(Dataset records)
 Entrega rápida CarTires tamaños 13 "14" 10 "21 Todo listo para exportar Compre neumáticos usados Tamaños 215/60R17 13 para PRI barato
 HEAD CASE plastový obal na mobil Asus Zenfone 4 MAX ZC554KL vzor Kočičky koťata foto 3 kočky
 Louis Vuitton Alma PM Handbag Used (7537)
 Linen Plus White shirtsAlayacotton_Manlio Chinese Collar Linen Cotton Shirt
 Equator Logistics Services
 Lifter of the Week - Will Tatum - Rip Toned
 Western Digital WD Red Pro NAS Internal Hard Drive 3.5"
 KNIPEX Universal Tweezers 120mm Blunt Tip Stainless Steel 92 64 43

- _Your instructions_:
Only the lines from the one holding "Western Digital WD" through the end of the records should appear in the answer, each repeated exactly.

- _Exercise output_:
 Western Digital WD Red Pro NAS Internal Hard Drive 3.5"
 KNIPEX Universal Tweezers 120mm Blunt Tip Stainless Steel 92 64 43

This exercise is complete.